JOGL’s pbuffer support has been tested and is known to work on both Windows and X11, at least with NVidia hardware (tested with GeForce 3 and above). I haven’t done a lot of testing with ATI hardware yet. Do you have a recent card that has pbuffer support, and are you using your vendor’s latest drivers?

Part of my problem was solved by setting double buffering to false. I finally saw the comment in the swapbuffers function. Supposedly you need to expose wglSwapLayerBuffer to allow double buffering of pbuffers. I can now render to texture but not with texture rectangle. I have a gf2 with the lastest drivers which support the nv extension. Also I notice you used glCopyTexImage2D instead of glCopyTexSubImages2D. I don’t know if it is still true but the latter used to be recommended because it was faster.

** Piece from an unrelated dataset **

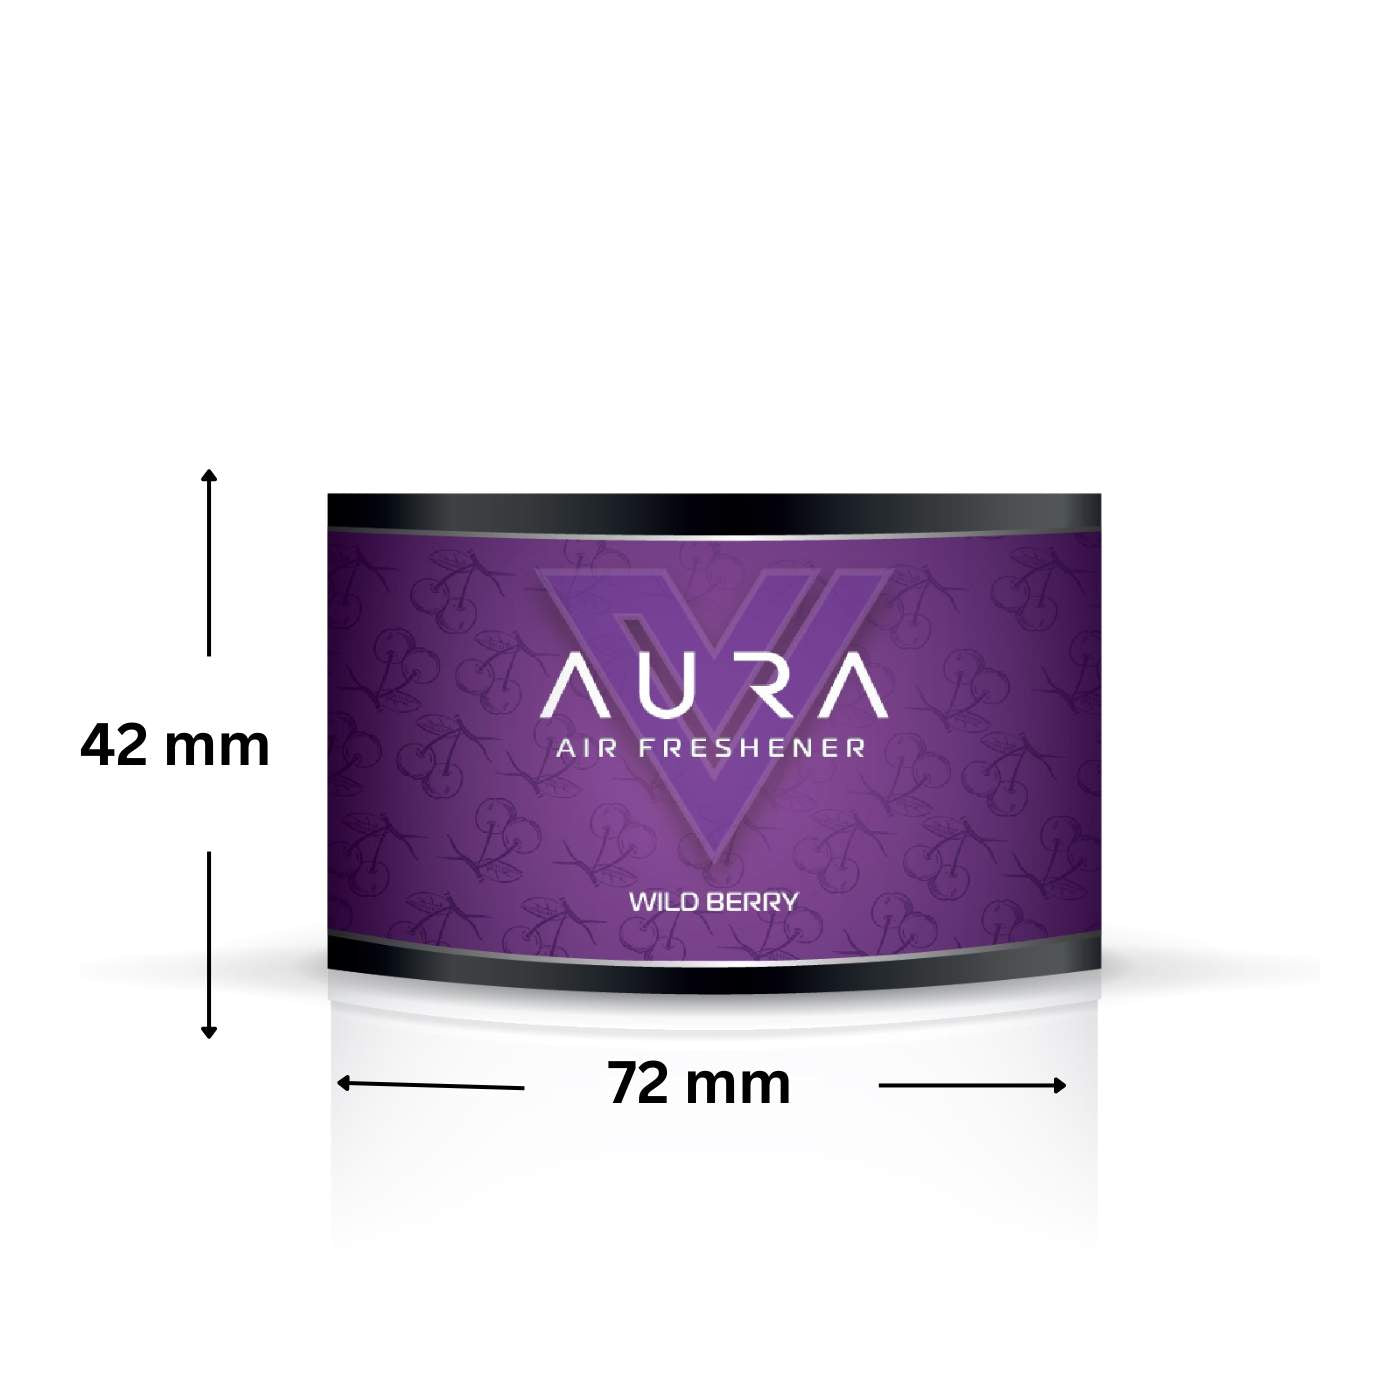 Vista Aura Wild Berry Organic Air Freshener 40 g

WindowsPbufferGLContext.java


protected void swapBuffers() throws GLException {
    // FIXME: do we need to do anything if the pbuffer is double-buffered?
    // For now, just grab the pixels for the render-to-texture support.
    if (rtt && !rect) {
      if (DEBUG) {
        System.err.println("Copying pbuffer data to GL_TEXTURE_2D state");
      }

      GL gl = getGL();
      gl.glCopyTexSubImage2D(textureTarget, 0, GL.GL_RGB, 0, 0, width, height, 0);
    }
  }

Change glCopyTexImage2D to glCopyTexSubImage2D.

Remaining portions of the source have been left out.